* **Dataset**
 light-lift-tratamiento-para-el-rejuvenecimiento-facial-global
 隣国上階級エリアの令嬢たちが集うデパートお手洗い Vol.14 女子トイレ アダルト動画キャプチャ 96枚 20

---

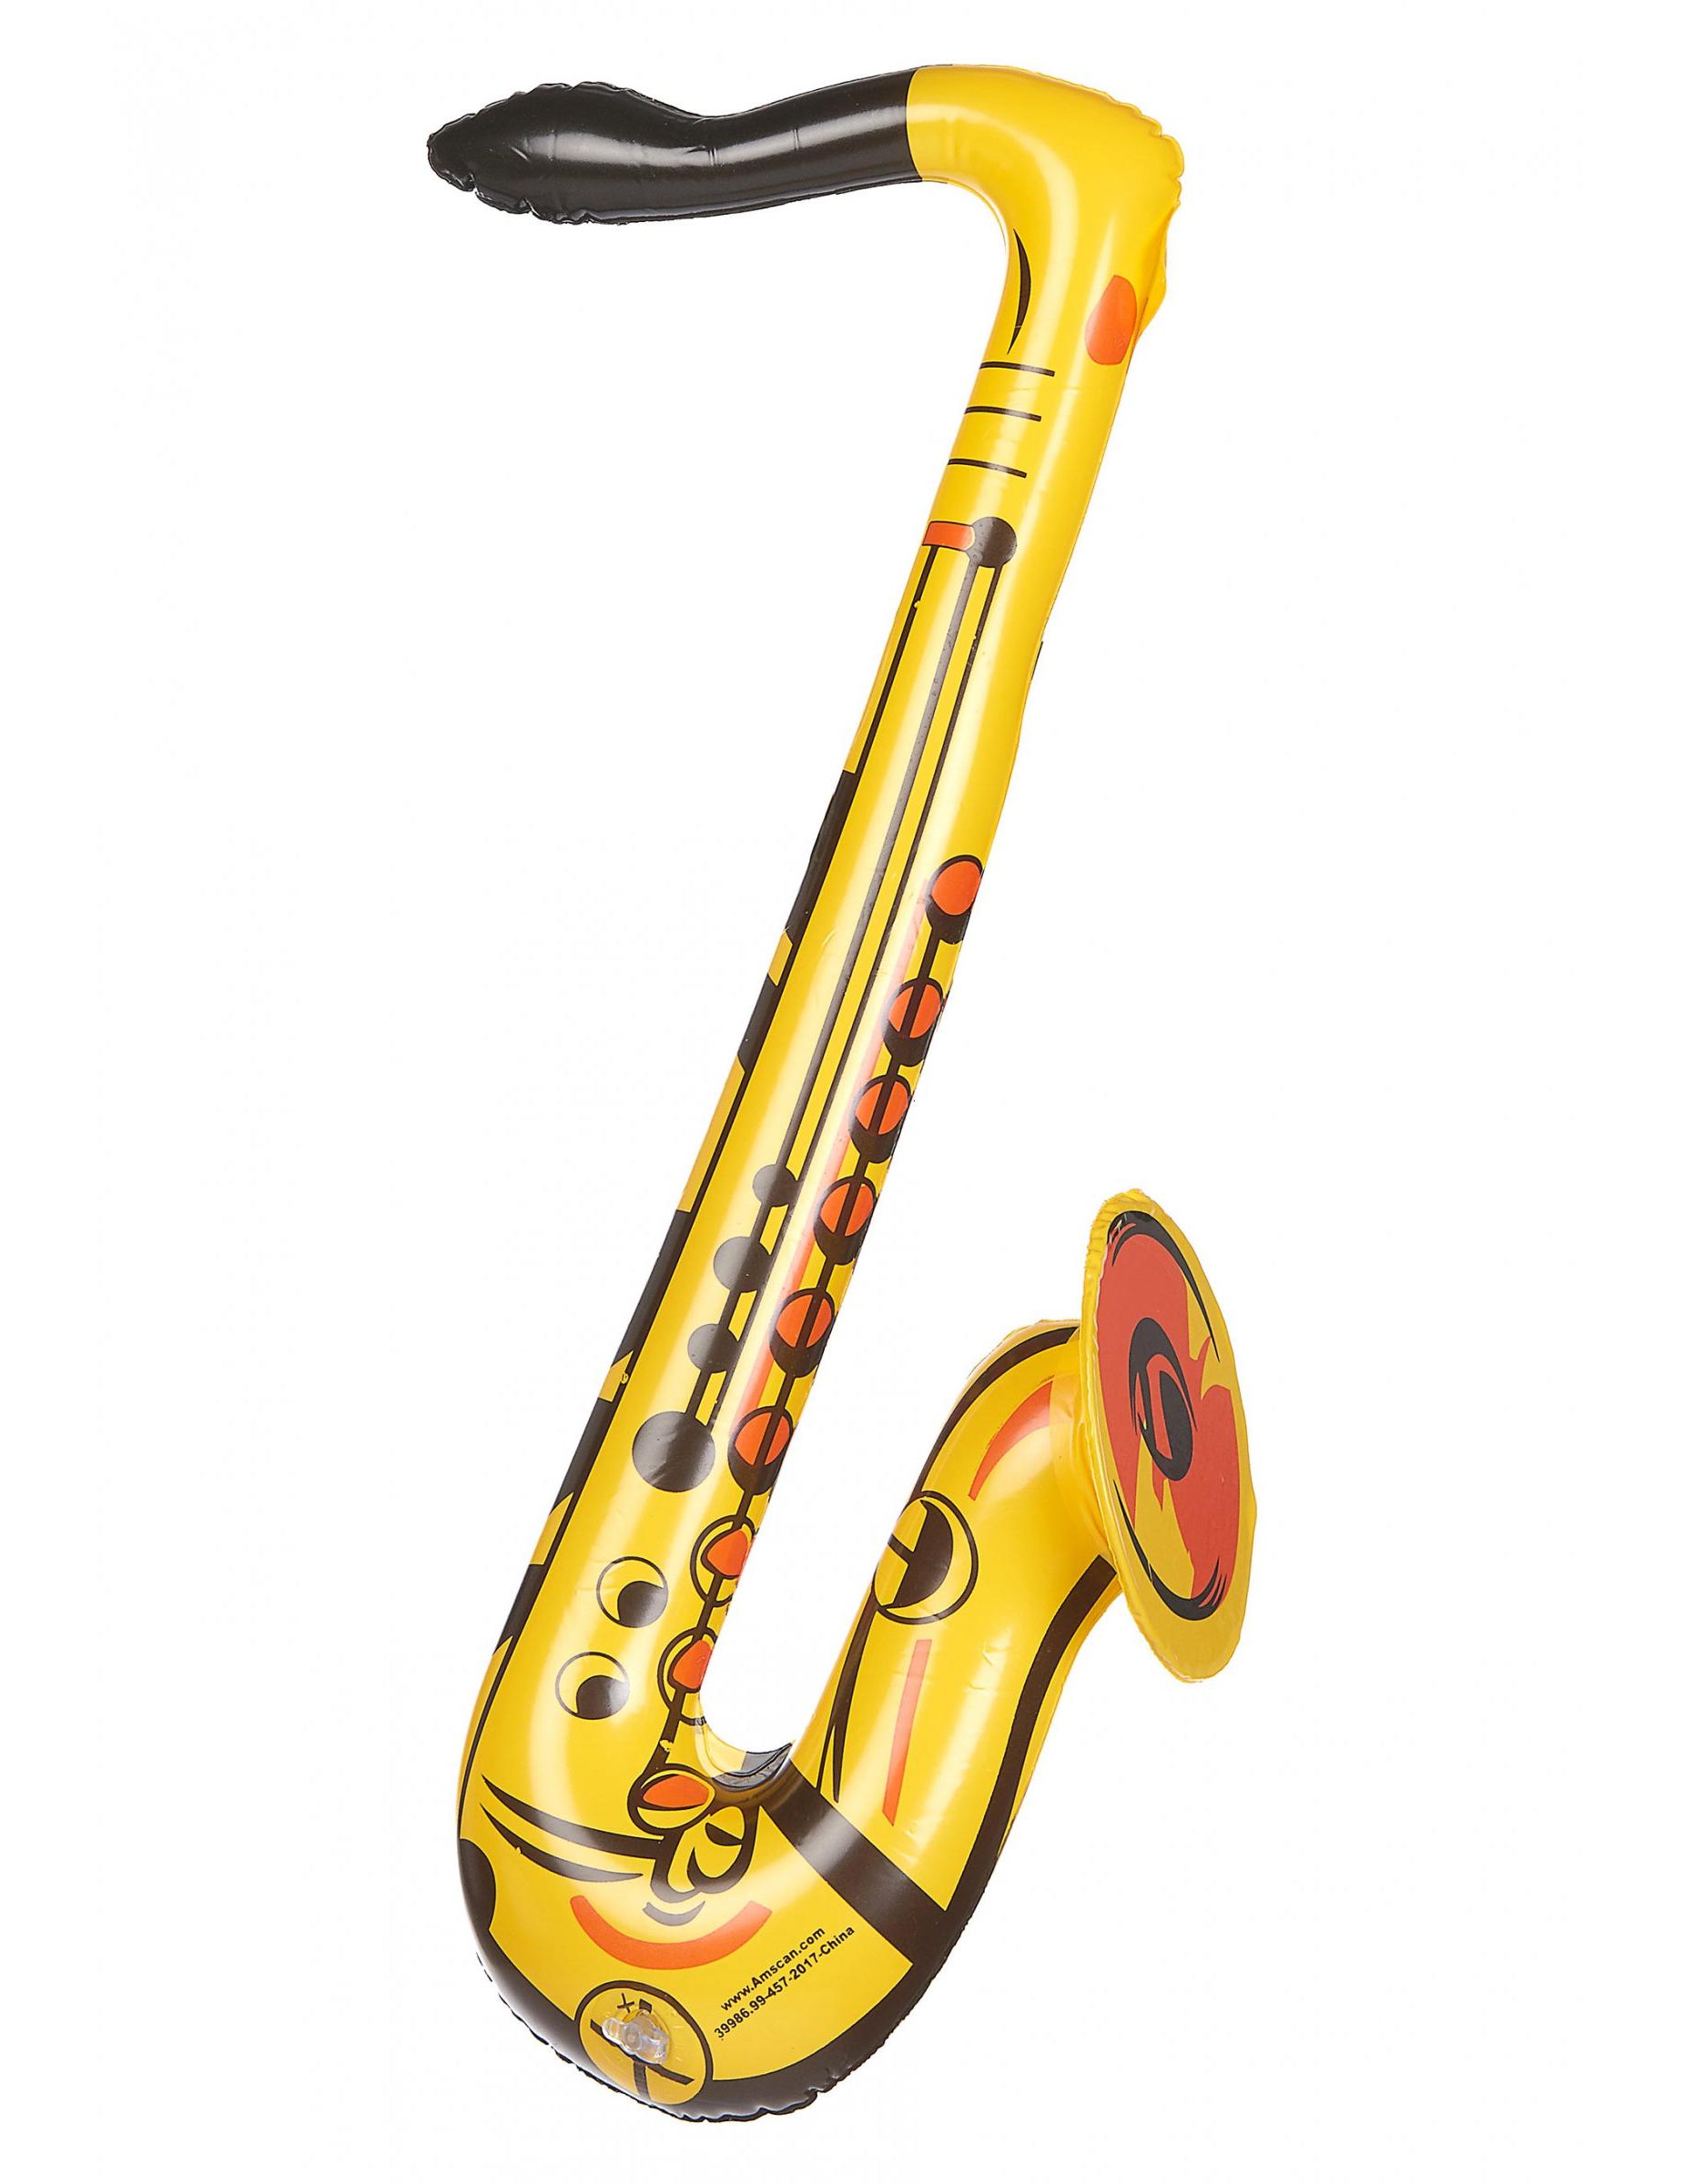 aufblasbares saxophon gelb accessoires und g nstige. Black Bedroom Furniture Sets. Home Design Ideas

* **Problem**
After locating the line with "light-lift-tratamiento-para-el-rejuvenecimiento-facial-global" in the material above, return it and each line after it exactly, ending at the line with "隣国上階級エリアの令嬢たちが集うデパートお手洗い Vol.14 女子トイレ".

* **Result**
 light-lift-tratamiento-para-el-rejuvenecimiento-facial-global
 隣国上階級エリアの令嬢たちが集うデパートお手洗い Vol.14 女子トイレ アダルト動画キャプチャ 96枚 20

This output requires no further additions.